The problem: Please retype the data below line for line and leave out every picture.

Recorded information:
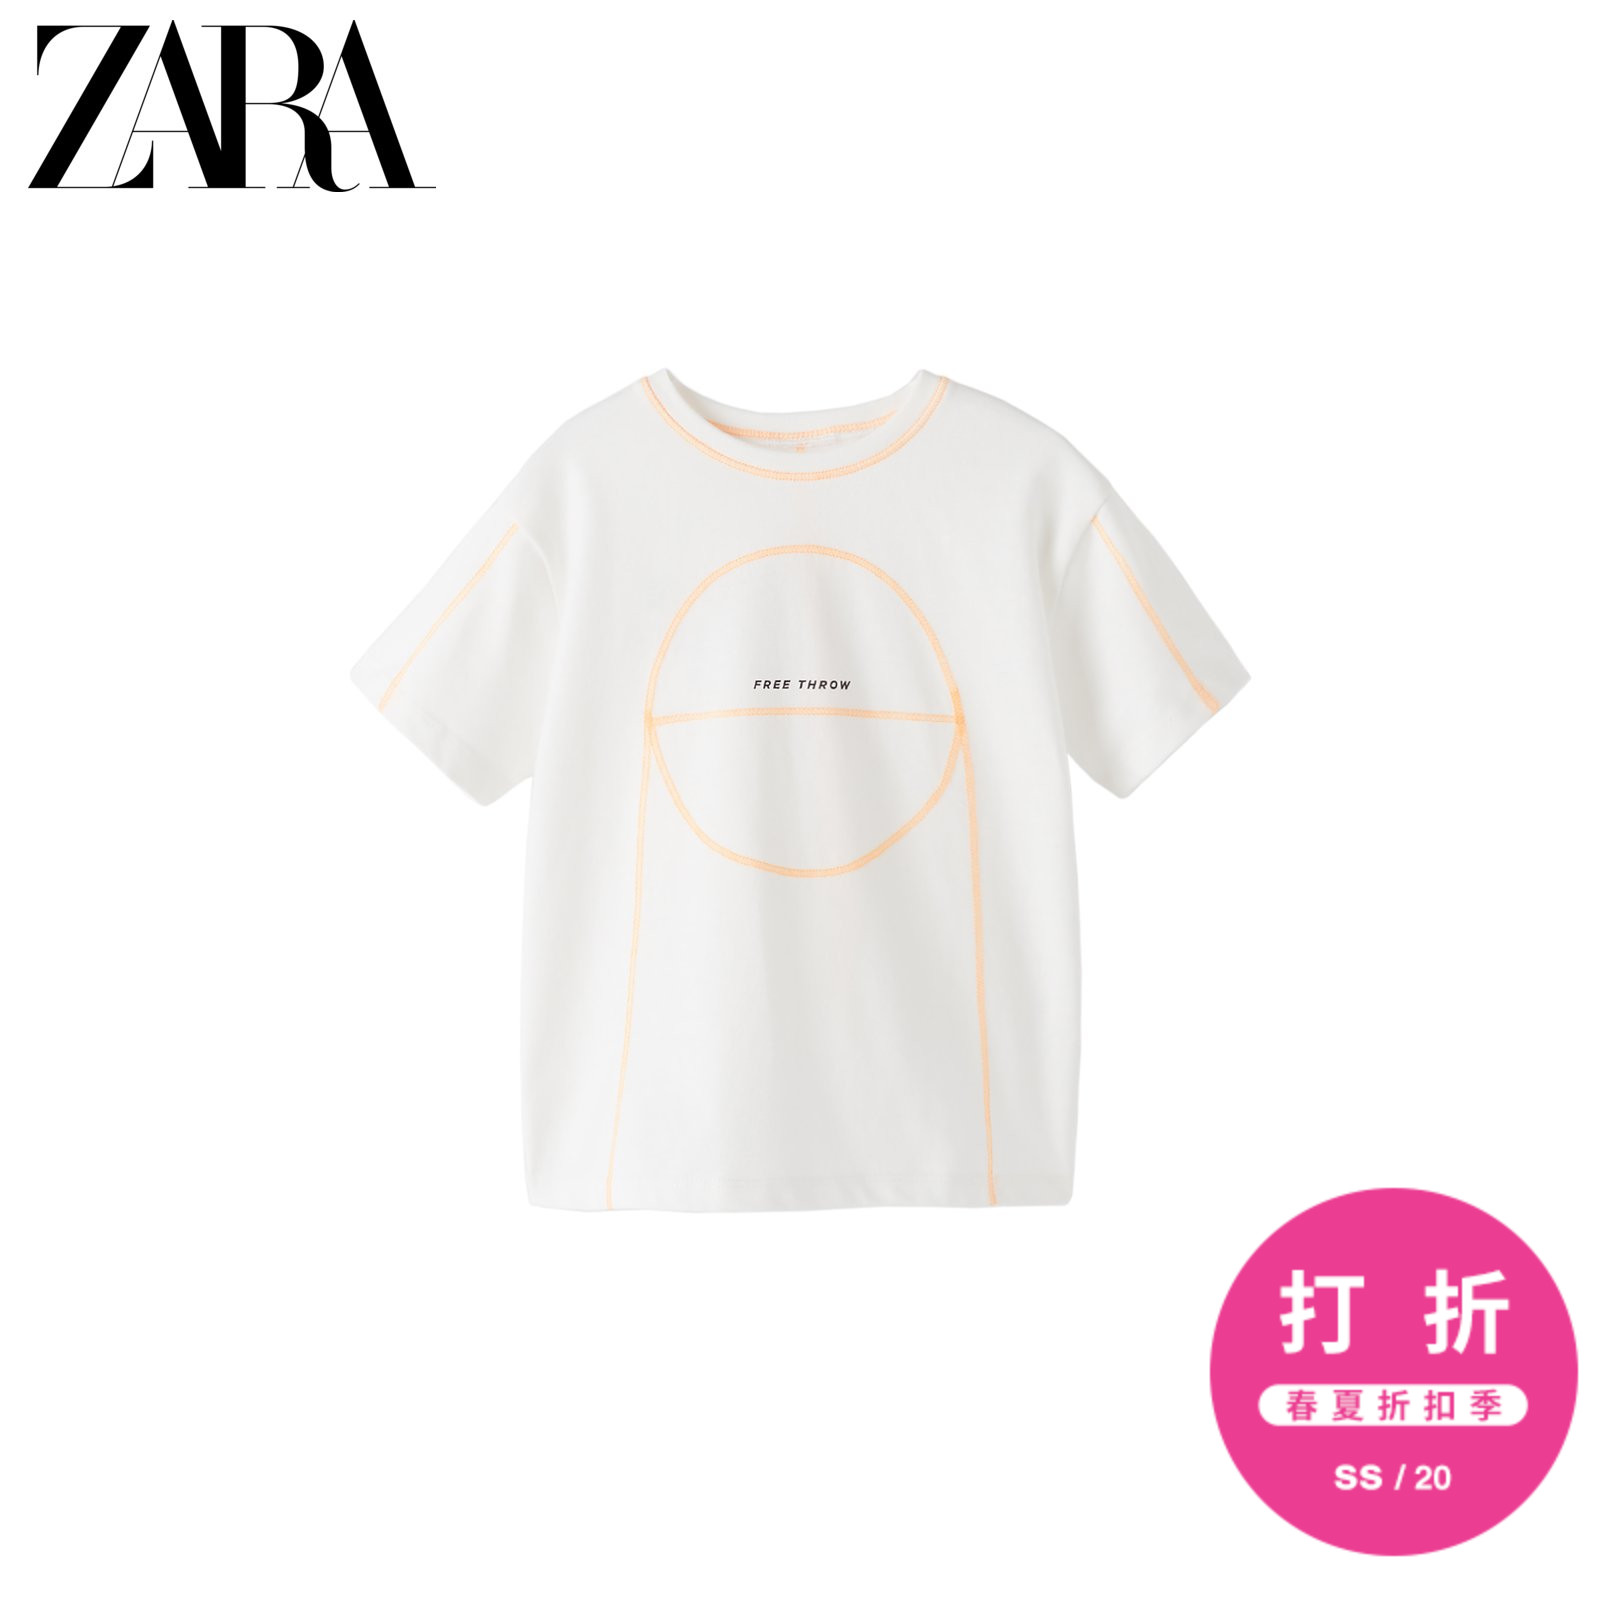 ZARA 新款 男婴幼童 春夏新品 运动型篮球T恤 03337596250
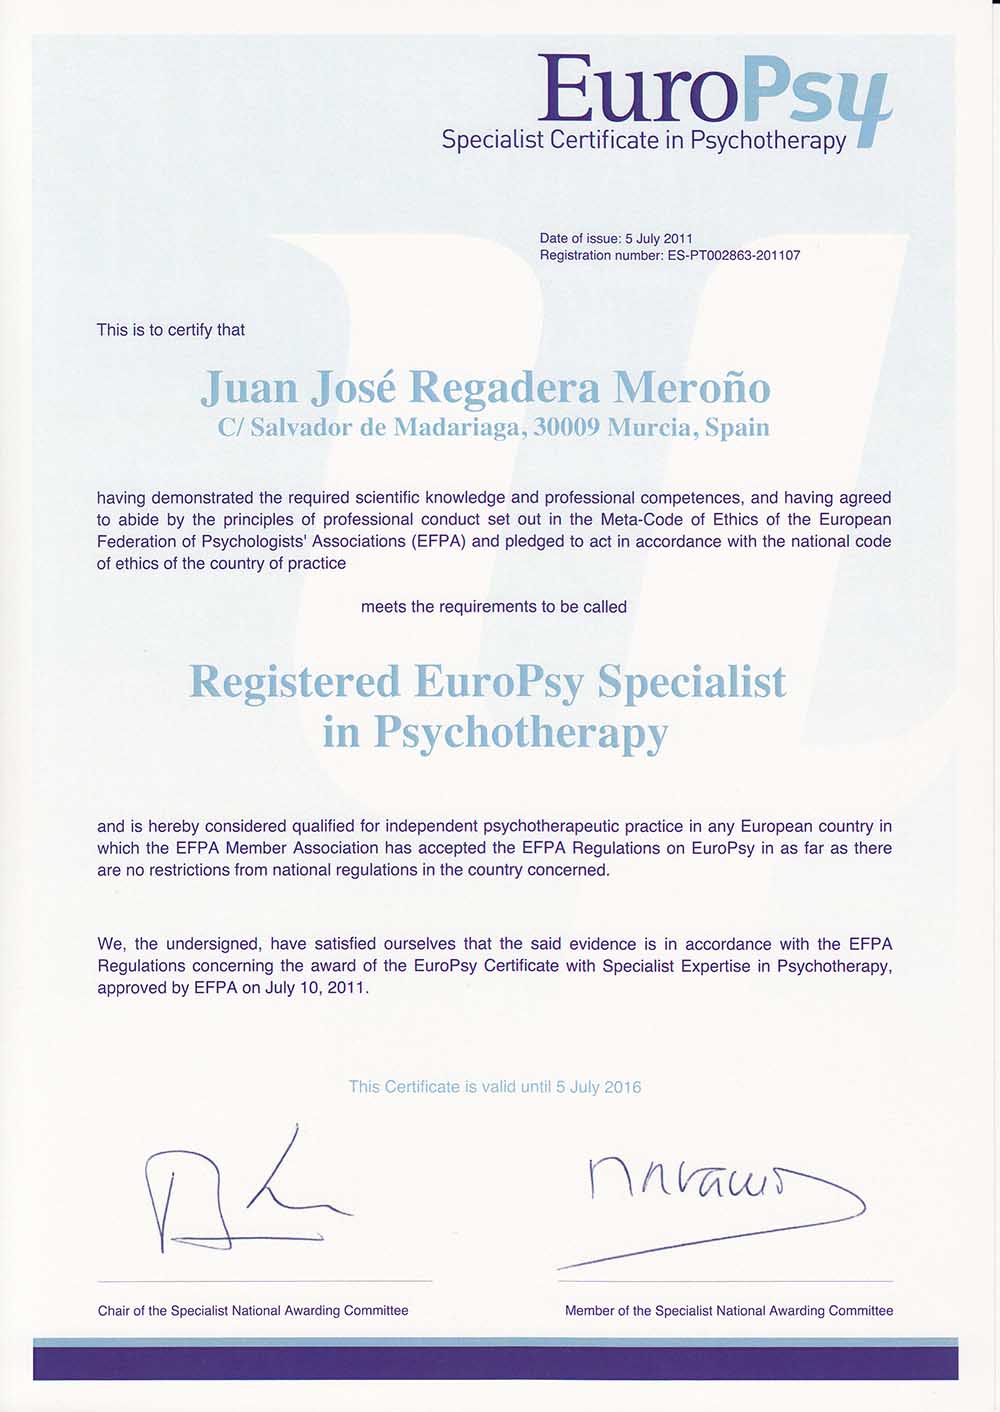 titulo europsy specialist psichoterrapy Dr. Juan José Regadera Meroño
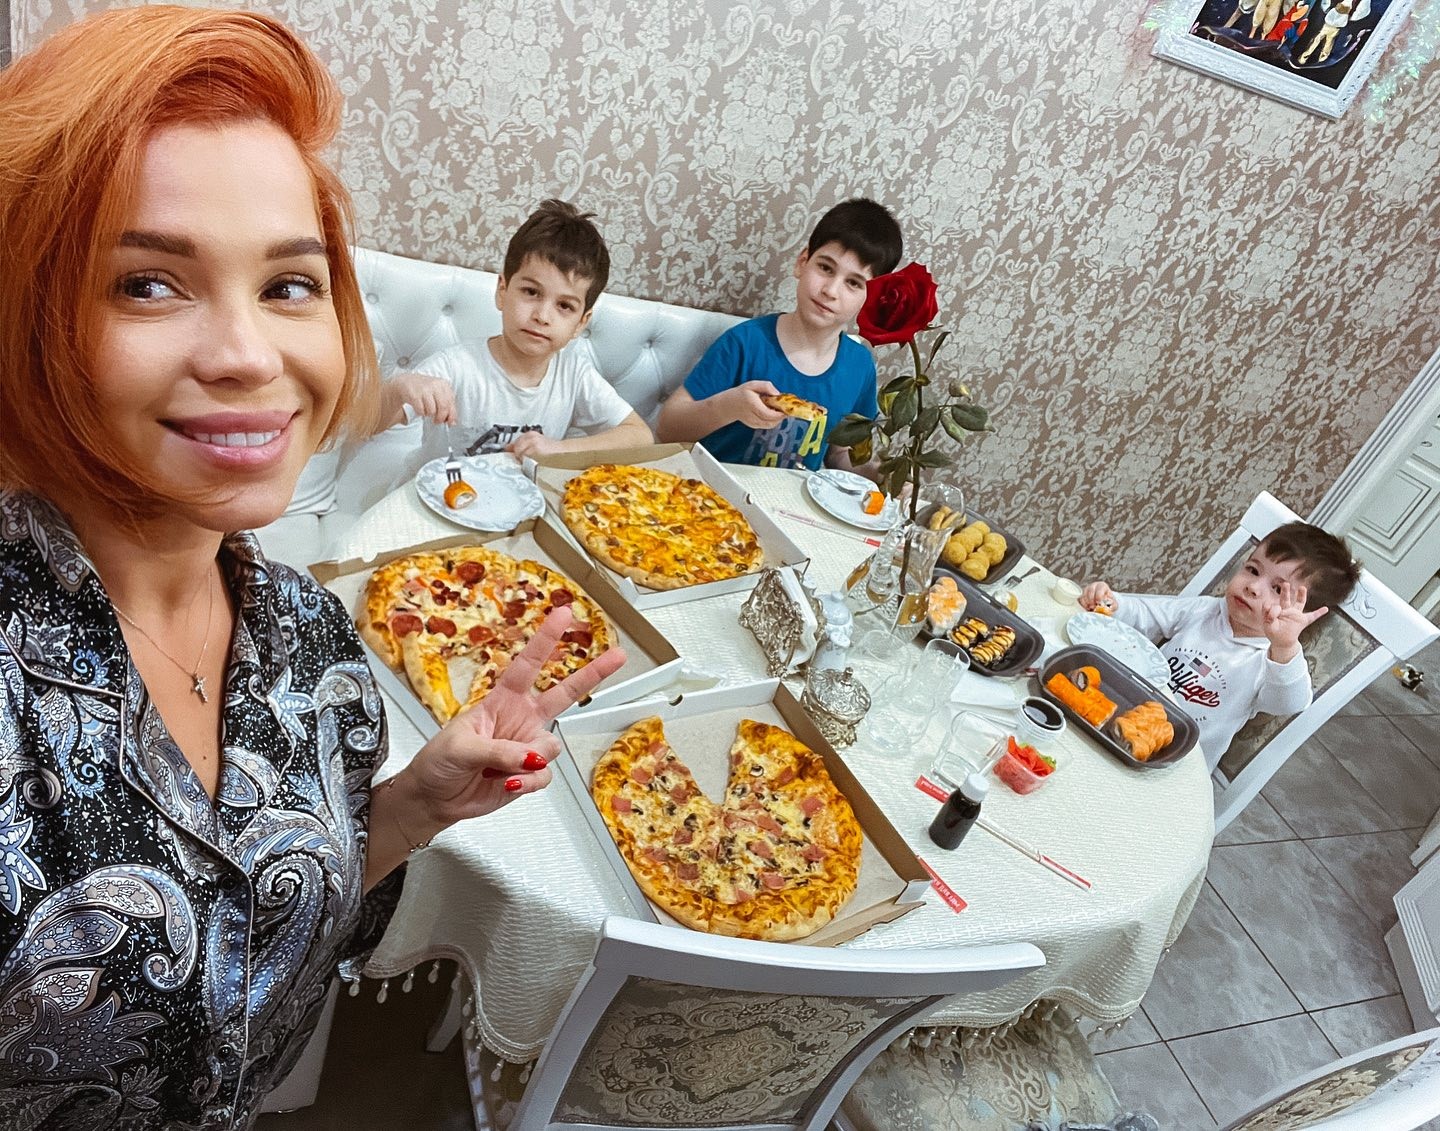 "Свободны и счастливы без тебя": накануне развода Юлия Салибекова публично прошлась по супругу Тиграну

Exercise result:
 ZARA 新款 男婴幼童 春夏新品 运动型篮球T恤 03337596250
 titulo europsy specialist psichoterrapy Dr. Juan José Regadera Meroño
 "Свободны и счастливы без тебя": накануне развода Юлия Салибекова публично прошлась по супругу Тиграну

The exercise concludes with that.